The line had only been in use for a year when the Chinese provincial governor ordered it to be dismantled and shipped to Taiwan. It was only after Mao Tse-tung came to power in 1949 that China started to invest in its rail network, and by the end of the 20th century most of the country was more or less covered by rail. In 2001, only Tibet was still unreached by any railway line.
This hurt the Party, which wanted to use the rail link to secure control over restive Tibet. And they set about building it. To start with, they built an 800-kilometre link to Golmund, the traditional starting point towards Tibet.
But to build the line to Lhasa, the capital of Tibet, it was necessary to lay tracks through permafrost, land that had been frozen for thousands of years. This did not stop the Chinese, who sent 100 000 workers to work in the most difficult conditions.
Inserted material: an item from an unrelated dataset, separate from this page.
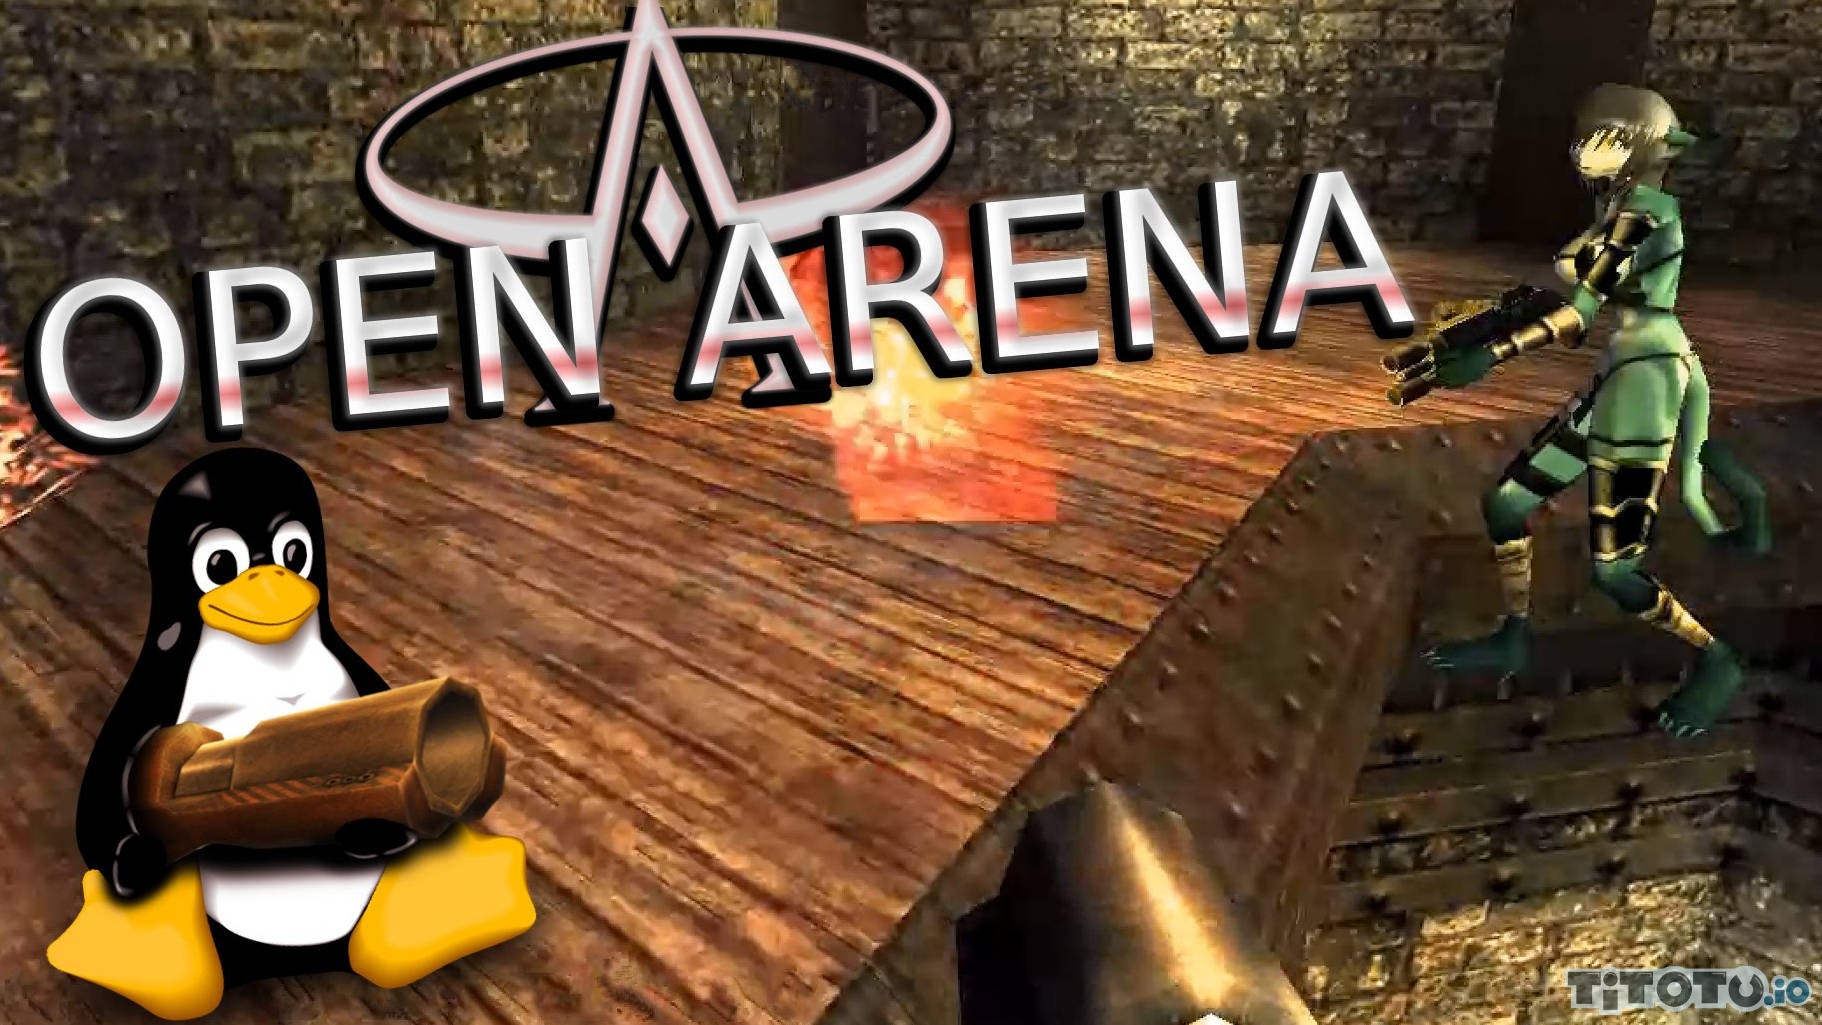 open arena cnet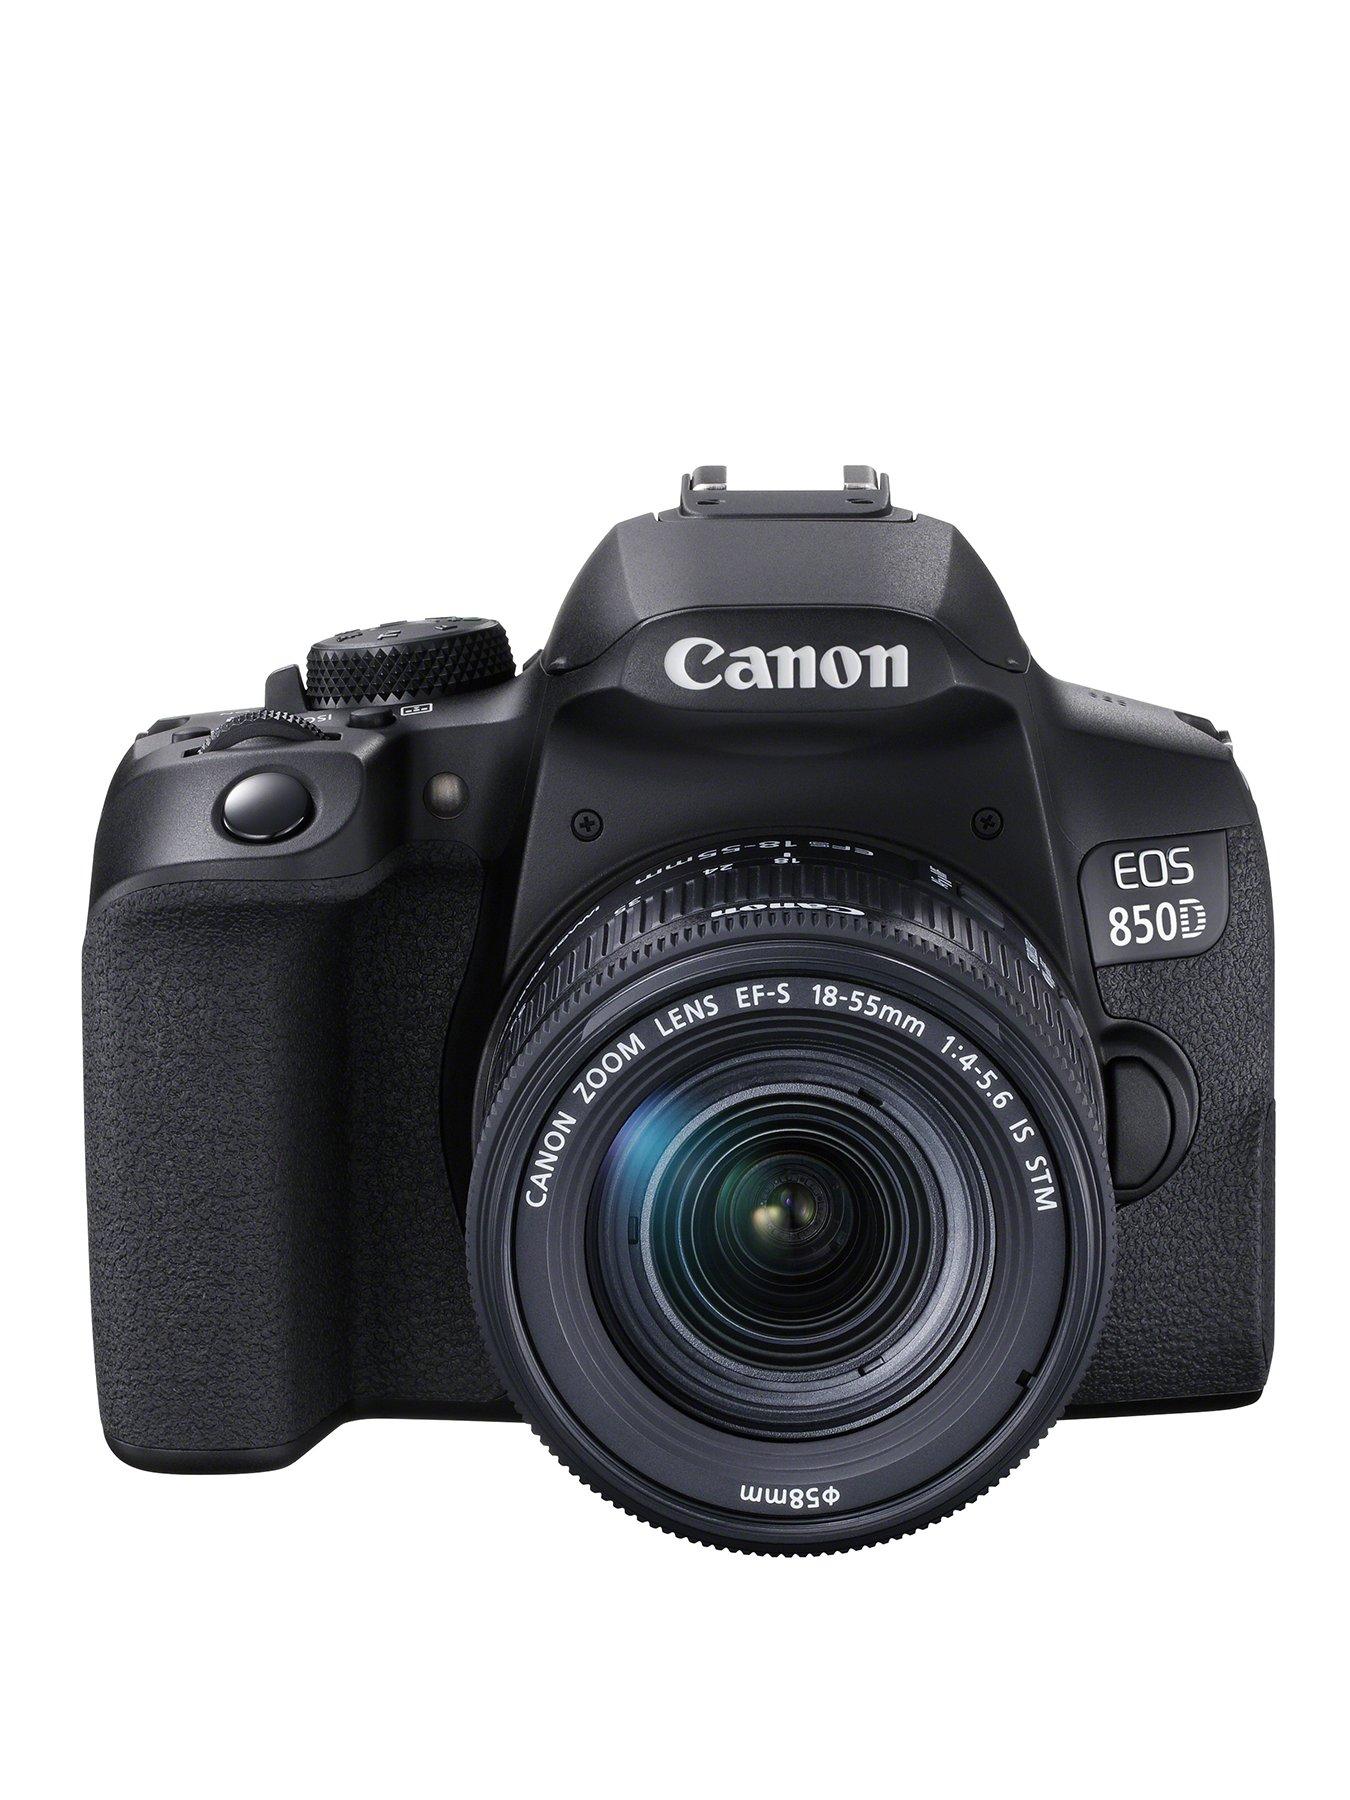 Canon EOS 850D SLR Camera (Black) with EF-S 18-55mm f/4-5.6 IS STM Lens Kit

Today, the Qinghai-Tibet Line high-speed train boasts the highest pass crossed by a railway line, the Tanggula Pass, at 5 072 metres. The Tanggula railway station is the highest in the world, as is the Fenhuoshan tunnel at 4095 metres.
Up to eight passenger trains can travel the route each day in both directions, and due to the thin air in Tibet, the train has a special ventilation system and each seat is equipped with its own oxygen inhaler. The windows are protected from ultraviolet rays and passengers must show a special health certificate when boarding the train in Golmund if they are travelling to Lhasa. Of course, there is always a doctor on board just in case.
China then continued to expand its high-speed train network. Some existing lines have been upgraded and most are completely new. In October 2010, China opened its fifteenth high-speed line, bringing the total number of high-speed lines to 8000 kilometres. Today, nearly 2 billion passengers travel on China’s high-speed trains.